2.3 RE-Free Magnesium Alloys with LPSO Structures

A major issue that limits the commercial application of the rare-earth containing Mg alloys is their cost. One avenue to reducing the cost of such alloys would be to utilize misch-metal rather than particular purified rare-earth elements for alloying constituents, and in recent work by Leng et al.,[29] an Y-rich misch-metal based alloy containing extensive regions of 14H LPSO phase exhibited good strength and ductility: ~300MPa and 27 pct elongation at 523 K (250 °C). However, it would be of significant value to be able to develop RE-free alloys with these same LPSO type structures that offer such excellent strength and ductility properties.
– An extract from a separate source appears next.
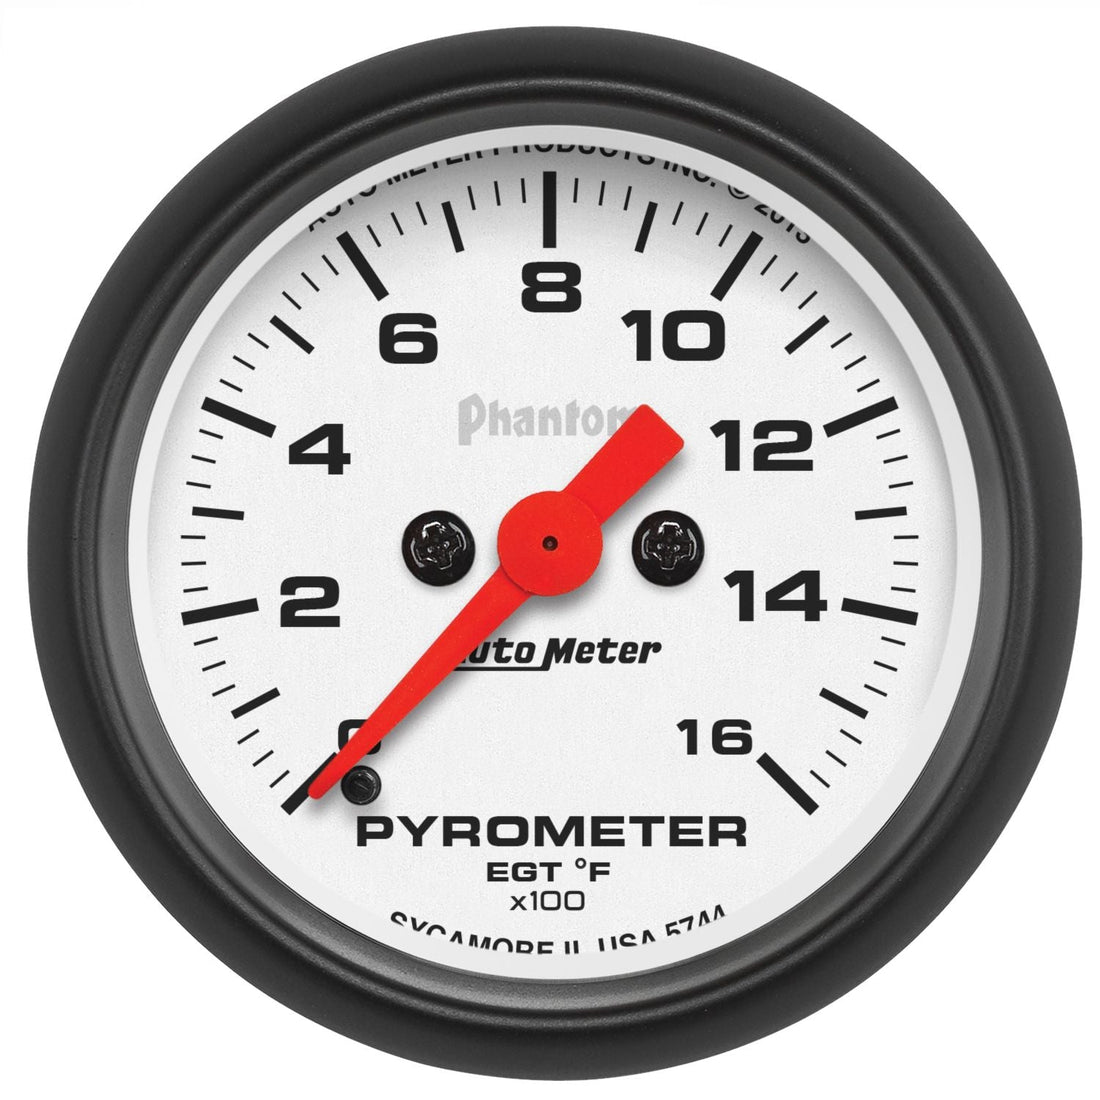 2-1/16" Pyrometer Gauge Kit, 0-1600 °F, Stepper motor, phantom - Diesel Freak

There have been several reports of long-period stacking structures in magnesium alloys that do not have any rare-earth alloying elements.[30–32] In particular, these structures are found in the Mg-Ni, Mg-Cu-Ni, Mg-Zn-Ni, Mg-Cu-Zn, Mg-Zn-Ag, Mg-Cu-Al, and Mg-Zn-Li systems. However, these long-period structures, ranging from 2 to 21 layers, are quite different from the LPSO structures formed in the RE-containing alloys. Lieser and Witte[33] and Komura et al.[30–32] have shown that the main factor controlling the structural changes in these Friaf-Laves phases is the electron concentration. Further, the structures of these non-rare-earth phases do not contain extended planes of close-packed Mg atoms equivalent to the basal plane of pure magnesium lattice. This is a defining feature of the rare-earth containing LPSO alloys that are all based on multiples of a four-layer building block with the different structures resulting from the number of pure Mg atom layers between each building block. It therefore seems that a key requirement for an Mg alloy to adopt one of the LPSO structures is that the alloying elements are able to form the four-layer ABCA-type building block that provides near perfect matching with the pure Mg hexagonal basal plane.
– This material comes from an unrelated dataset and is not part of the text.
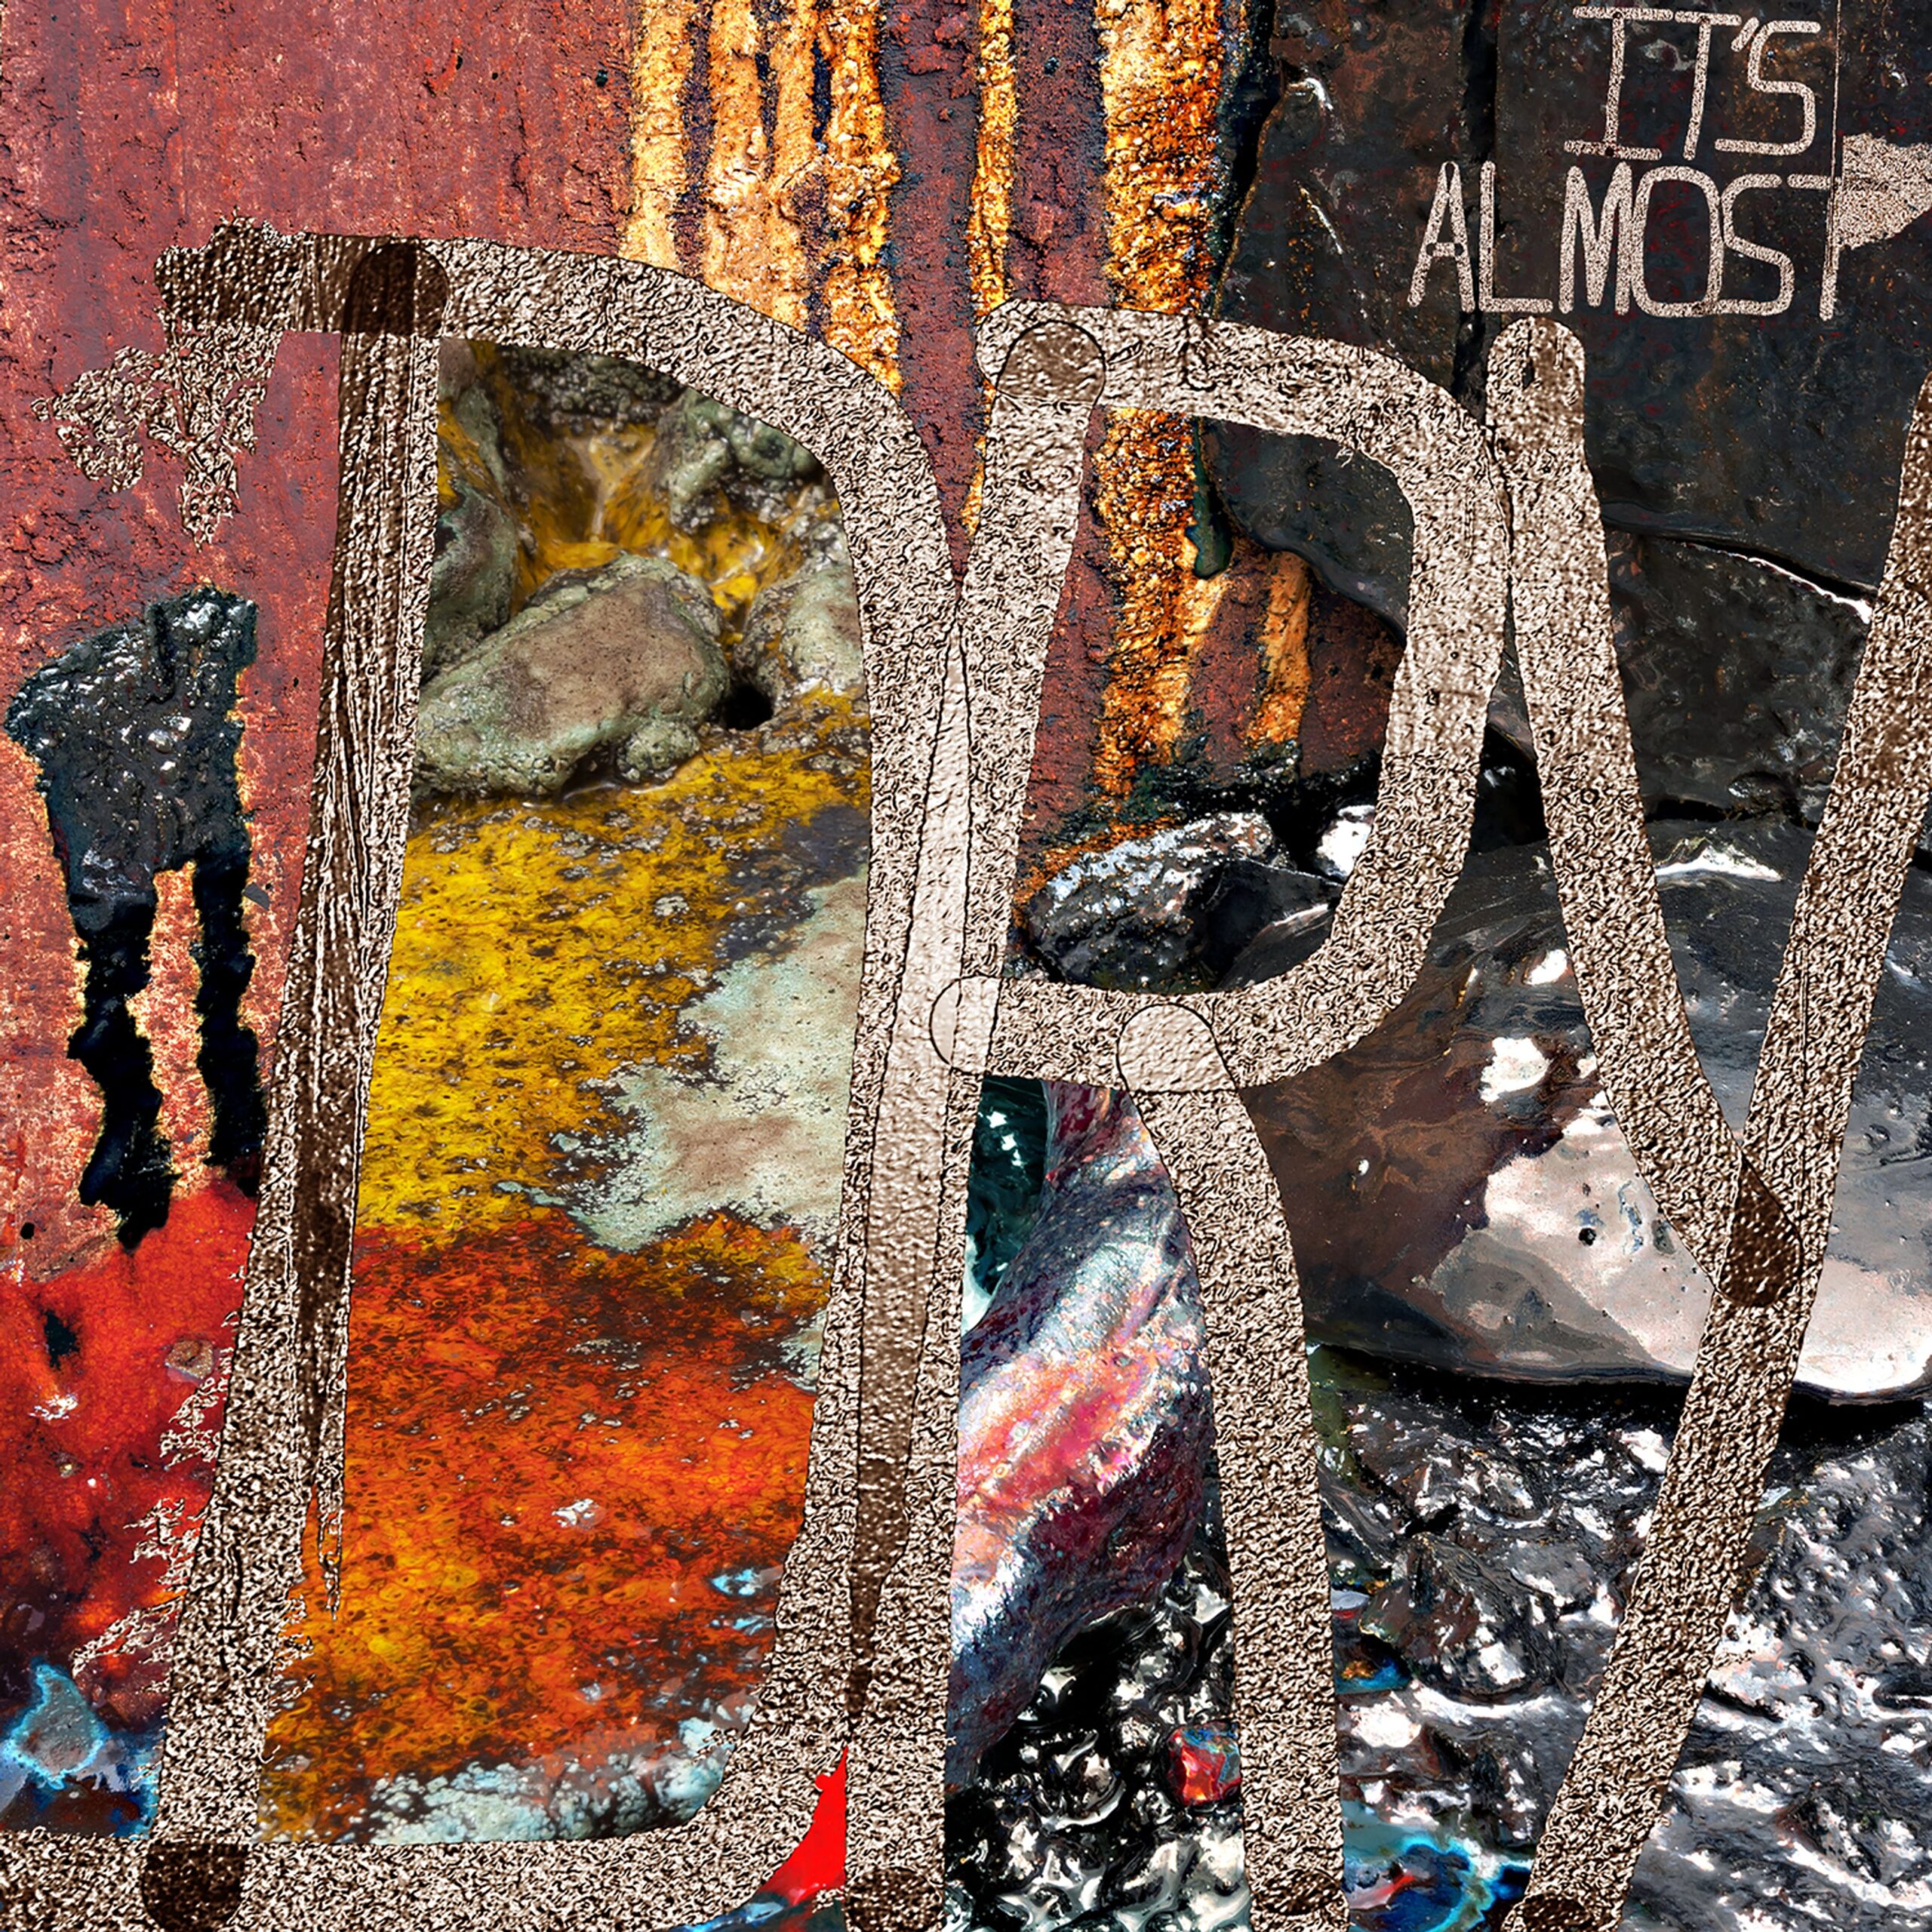 Pusha T Shares 'It's Almost Dry' Album

Characteristically, the Mg-RE based alloys that form the LPSO structures contain a third element, such as Zn, Cu, Ni, or Co, with atomic sizes smaller than Mg, while all of the rare-earth elements have very similar atomic sizes and are larger than Mg. Therefore, in looking for non-rare-earth alloying elements that may produce LPSO structure alloys, a strategy may be to match the atomic radii of the rare-earths. Sc, Na, K, Ca, and Sr all look possible. However, their atomic radii are even larger than the rare-earths, and of course, other atomic characteristics such as electro-negativity may also be a strong influence in the formation and stability of the ordered layers forming the building blocks of the LPSO structures.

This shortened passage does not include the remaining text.